WHAT TO DO:
No image is to be carried over; reproduce the rest of the listing word for word.
START SOURCE DATA
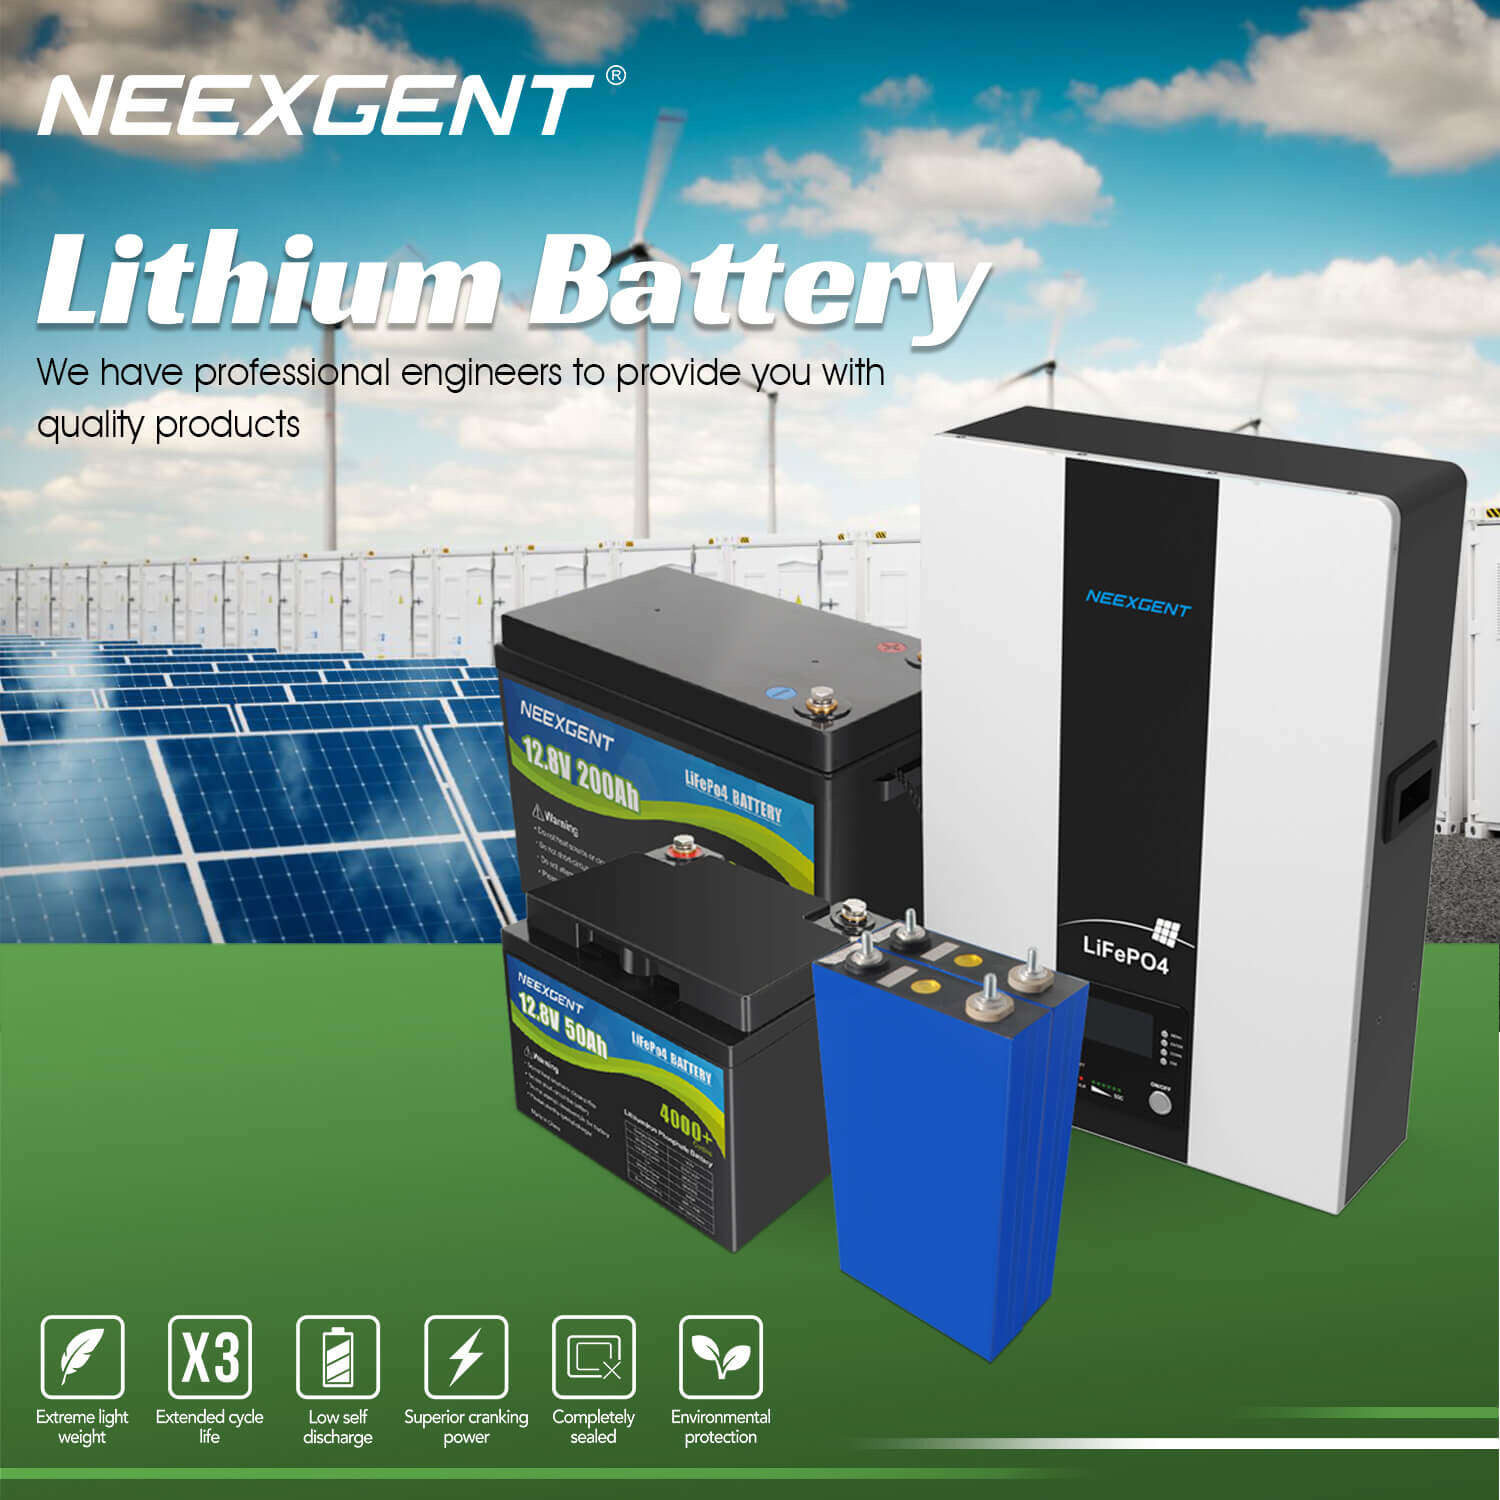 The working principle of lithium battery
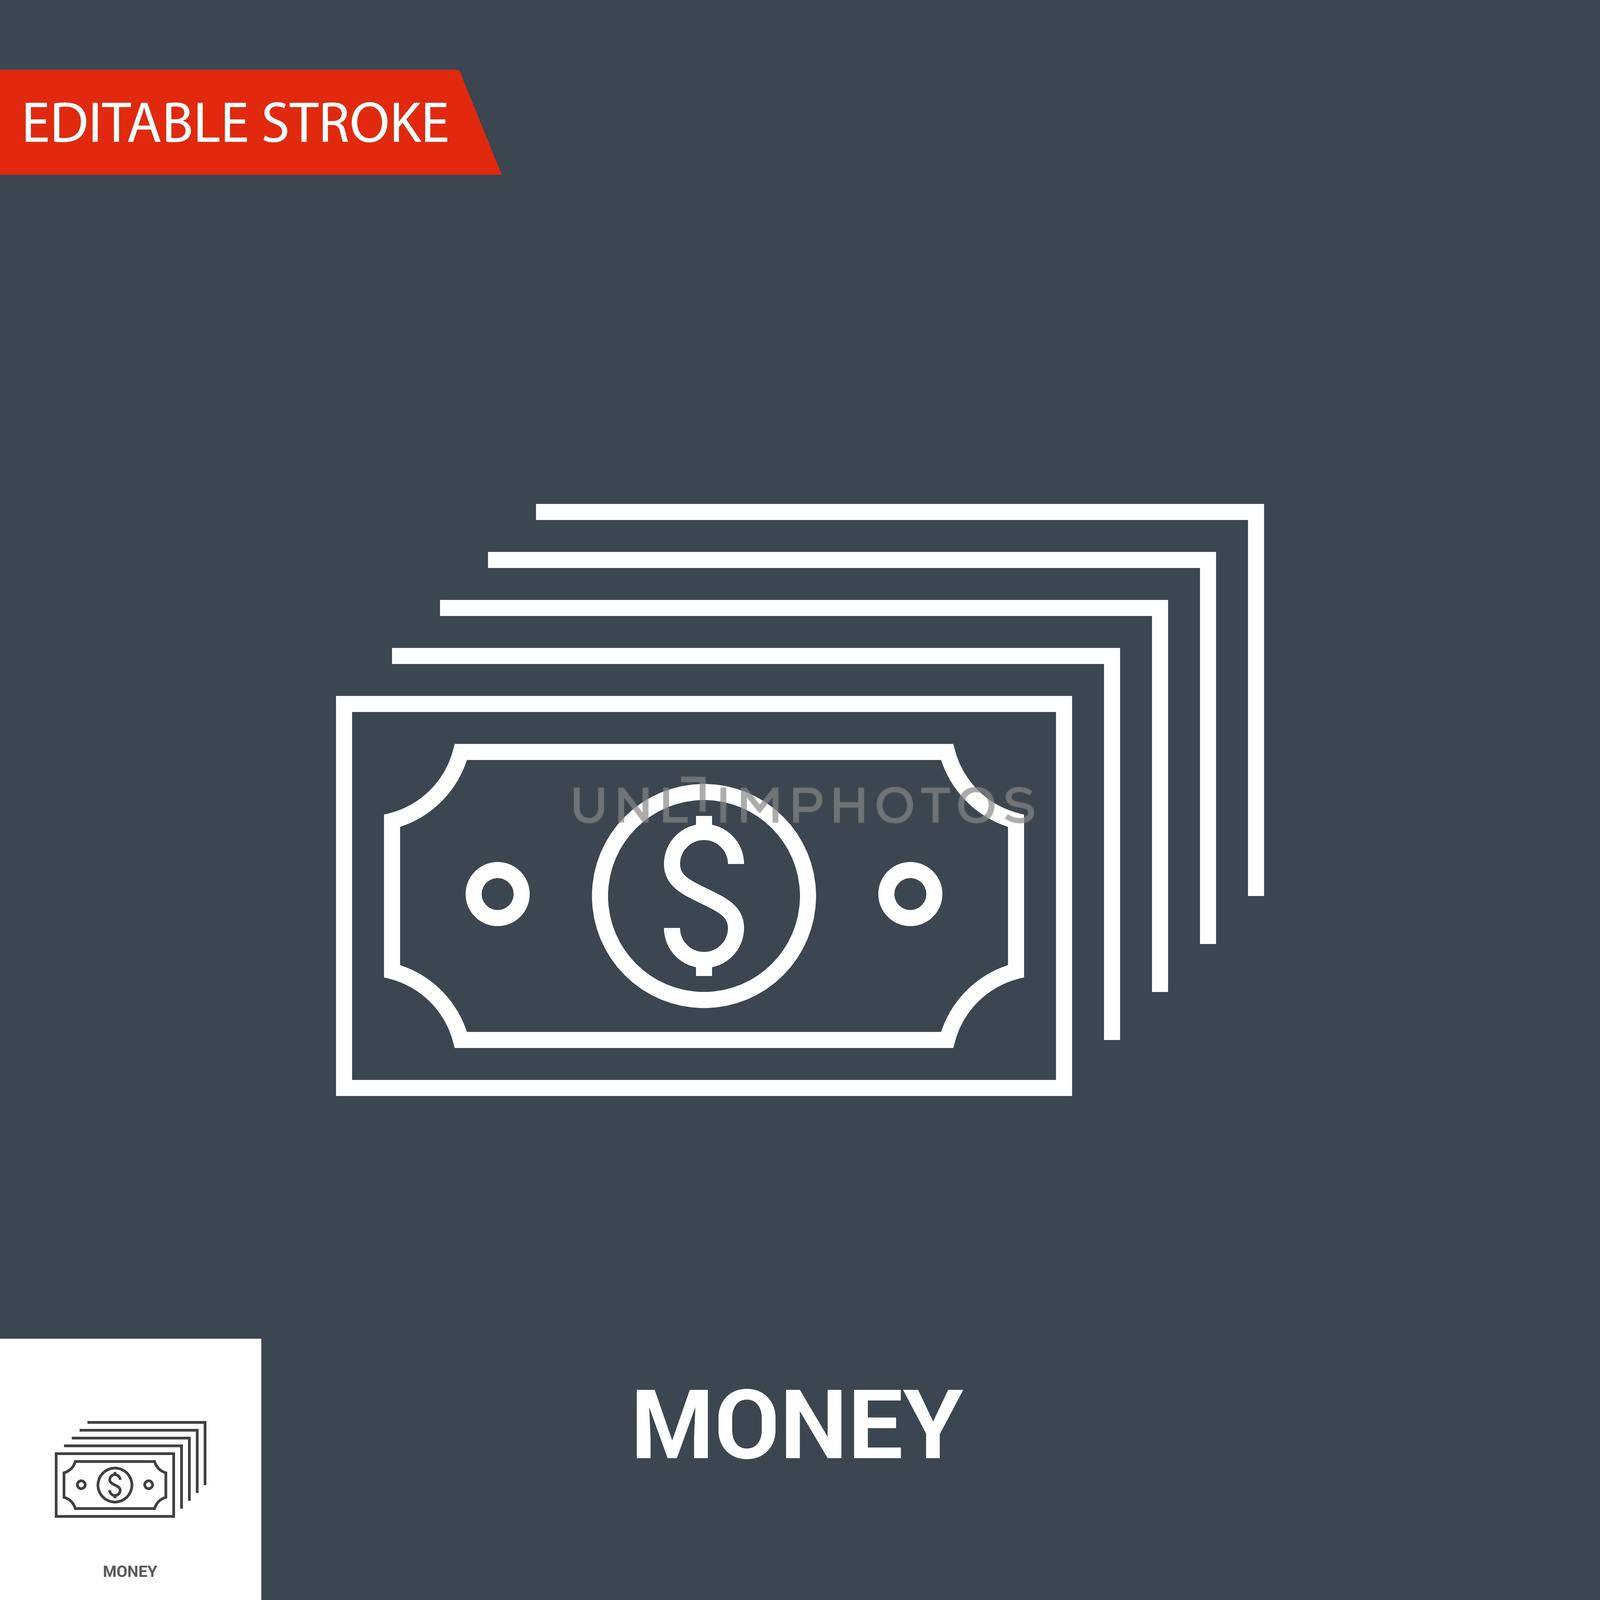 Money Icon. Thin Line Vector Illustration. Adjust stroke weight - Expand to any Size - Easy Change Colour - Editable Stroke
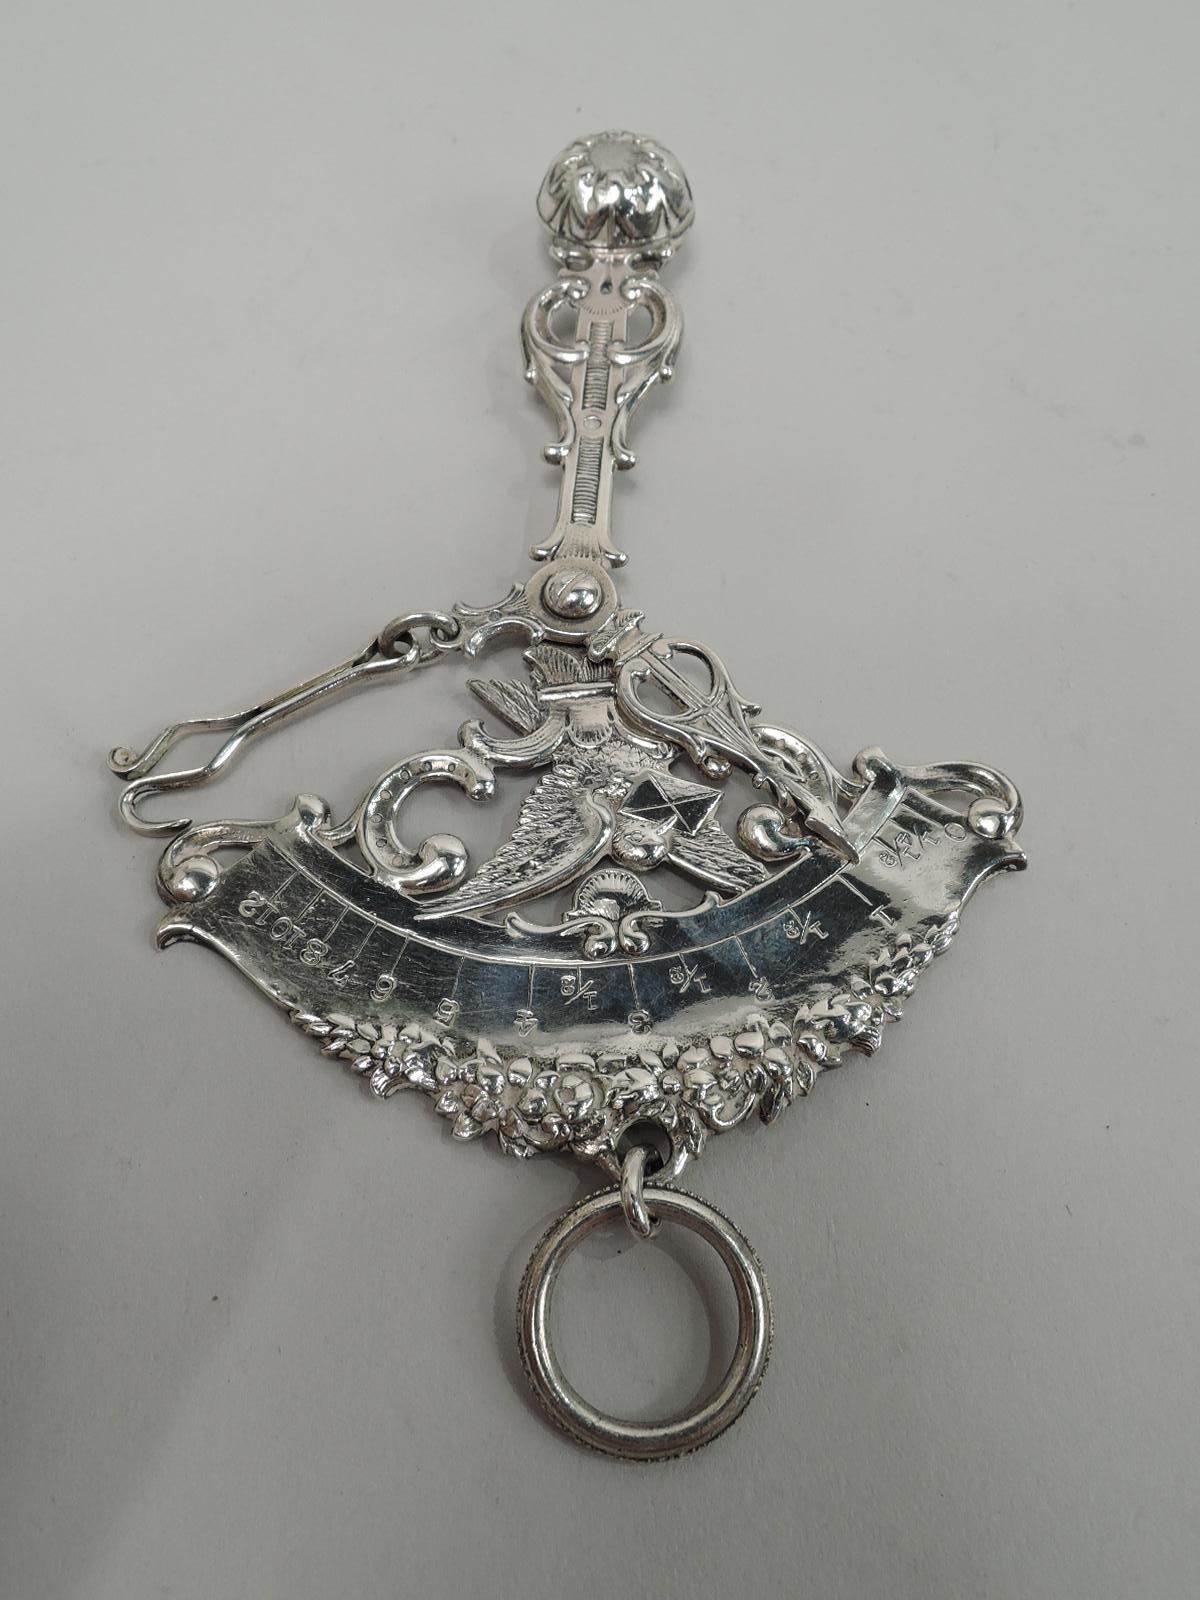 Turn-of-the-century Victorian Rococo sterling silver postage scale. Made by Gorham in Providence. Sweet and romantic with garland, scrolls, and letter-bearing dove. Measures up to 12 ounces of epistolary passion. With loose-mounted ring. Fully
END SOURCE DATA
PROBLEM SOLUTION:
 The working principle of lithium battery
 Money Icon. Thin Line Vector Illustration. Adjust stroke weight - Expand to any Size - Easy Change Colour - Editable Stroke
 Turn-of-the-century Victorian Rococo sterling silver postage scale. Made by Gorham in Providence. Sweet and romantic with garland, scrolls, and letter-bearing dove. Measures up to 12 ounces of epistolary passion. With loose-mounted ring. Fully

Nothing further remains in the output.